## Data for the task:
·····
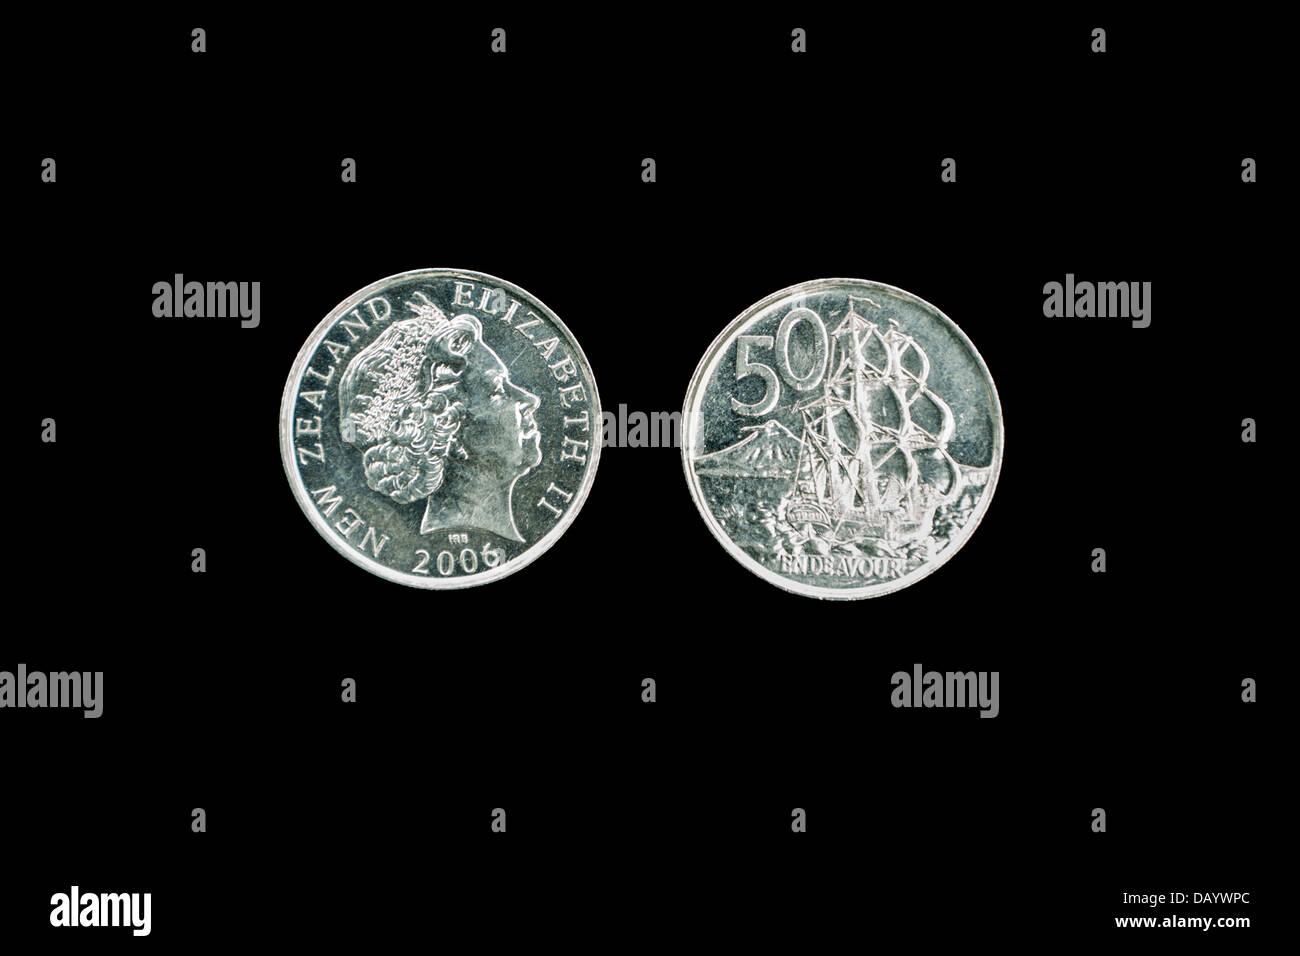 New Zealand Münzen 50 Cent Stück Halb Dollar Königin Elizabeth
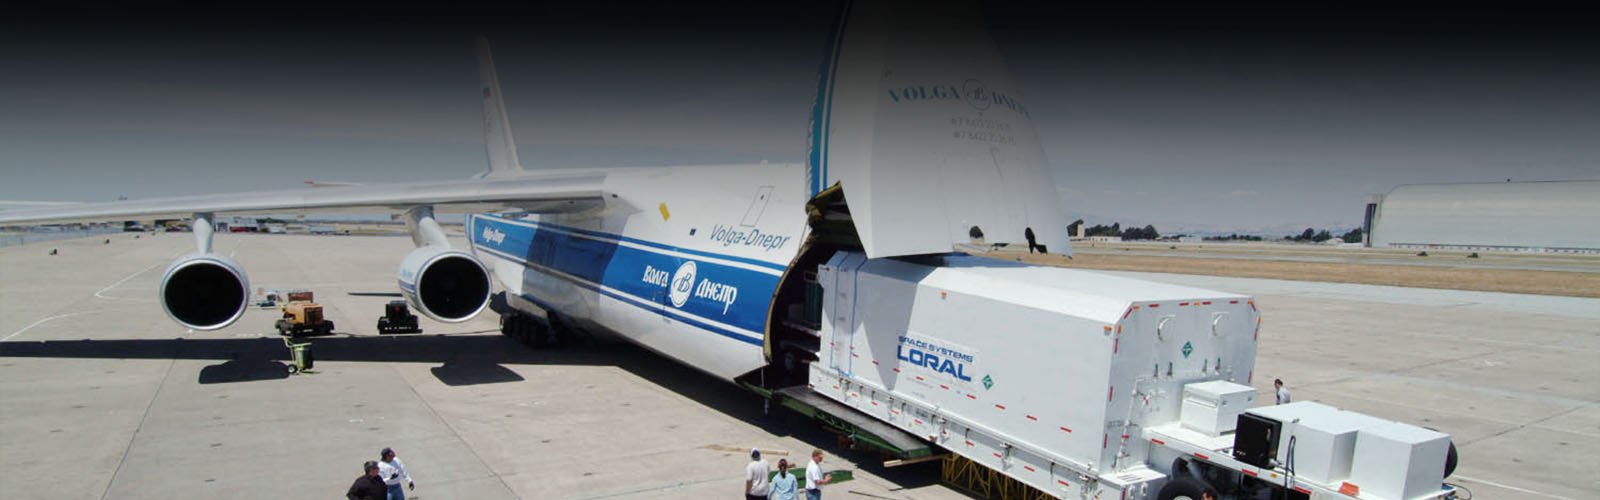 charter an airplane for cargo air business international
·····
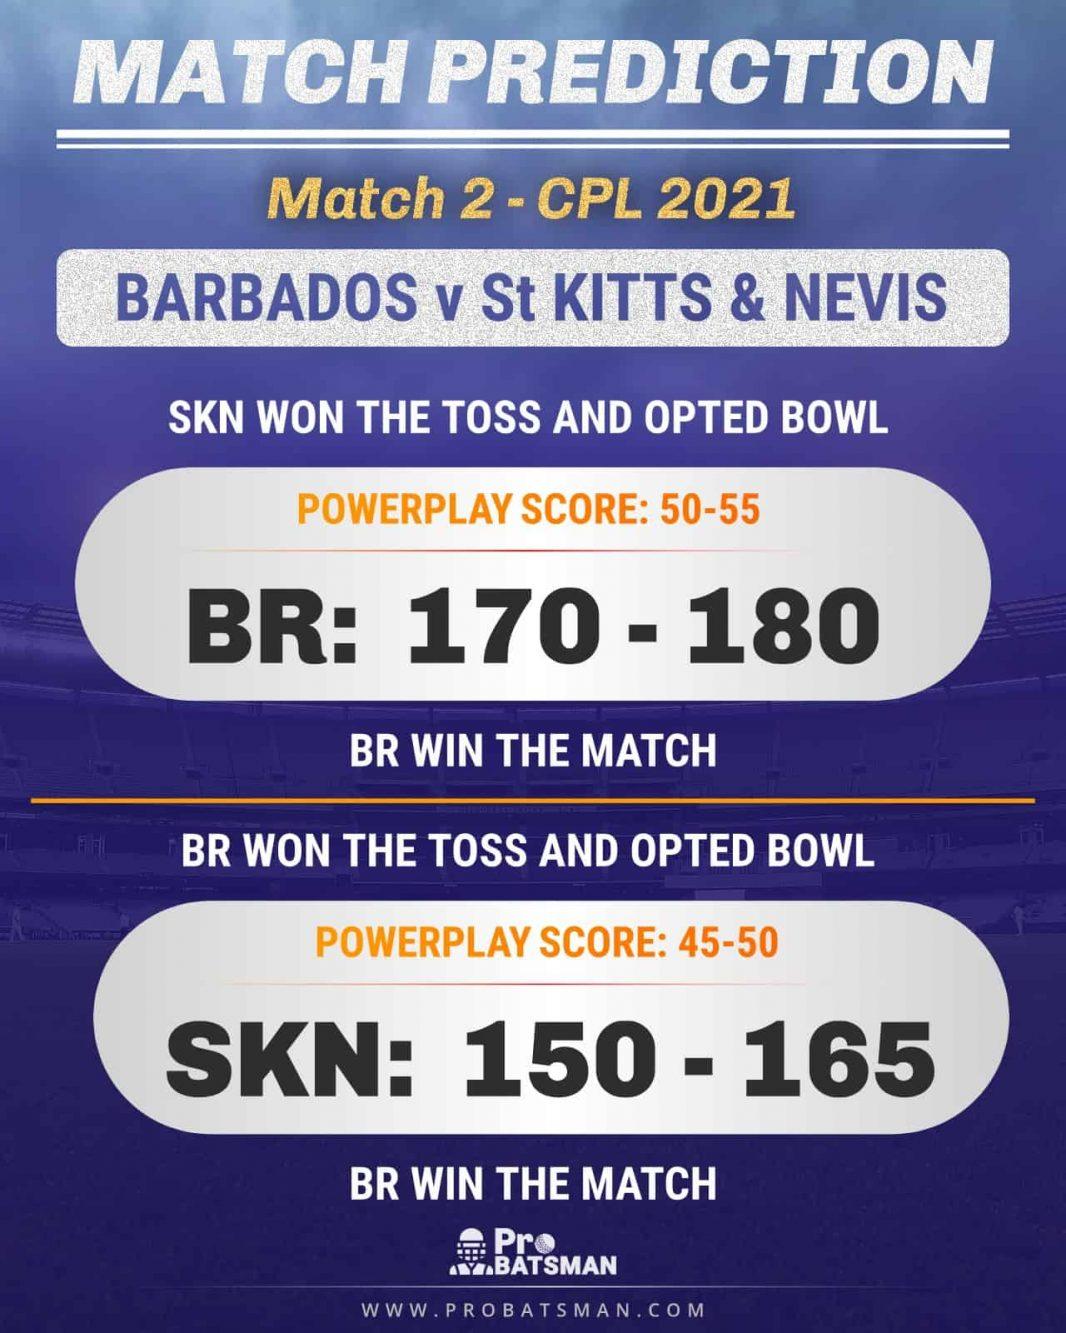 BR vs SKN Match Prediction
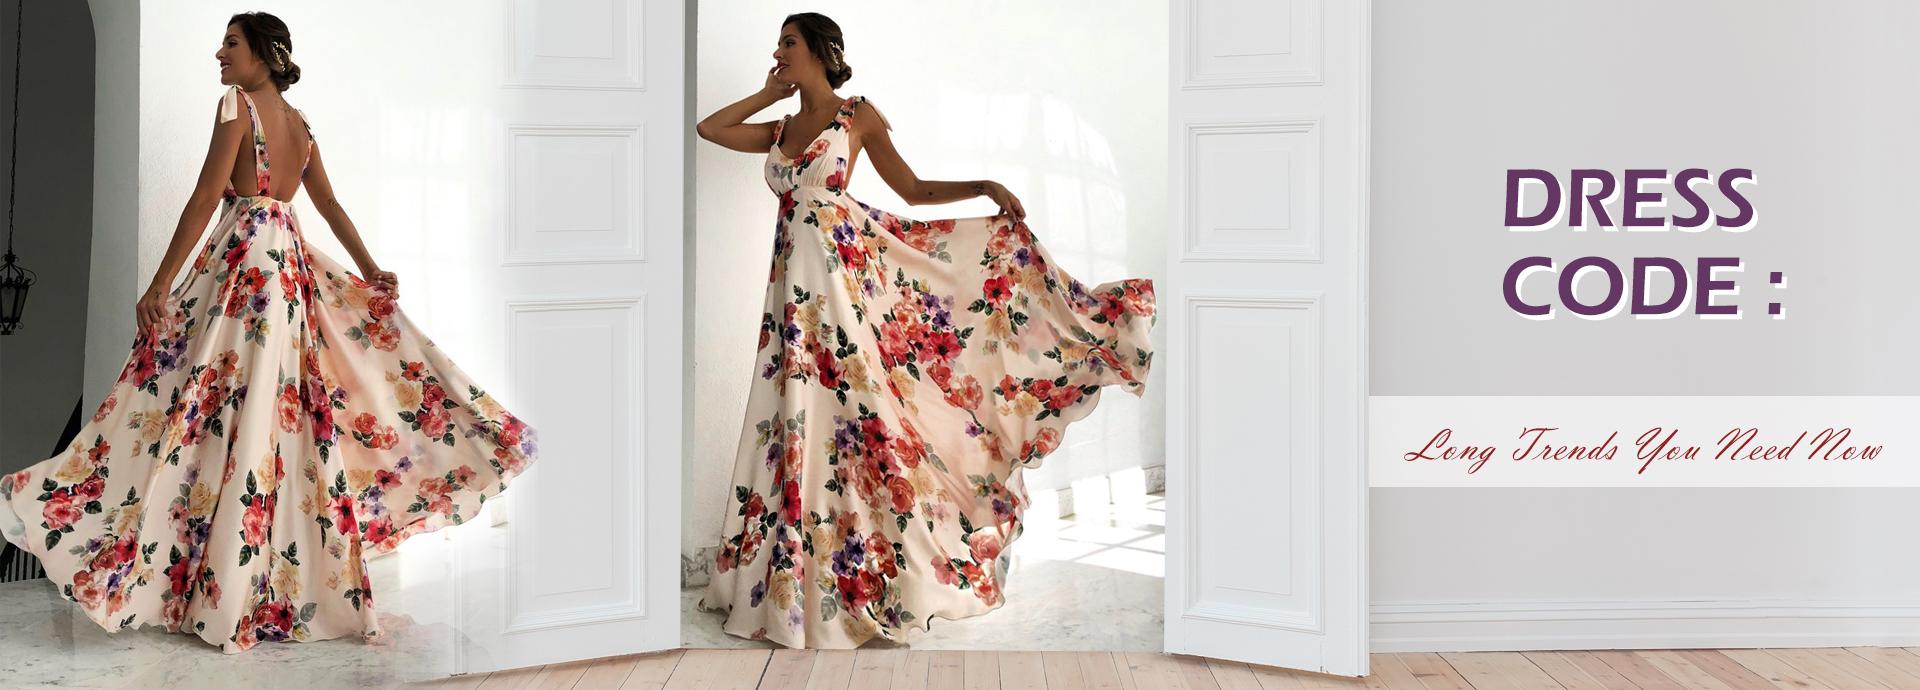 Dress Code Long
·····
## Your instructions:
Would you copy the lines above exactly, starting with the one that has "New Zealand Münzen" and ending with the one that has "charter an airplane", both included, without the pictures?

## Reply:
 New Zealand Münzen 50 Cent Stück Halb Dollar Königin Elizabeth
 charter an airplane for cargo air business international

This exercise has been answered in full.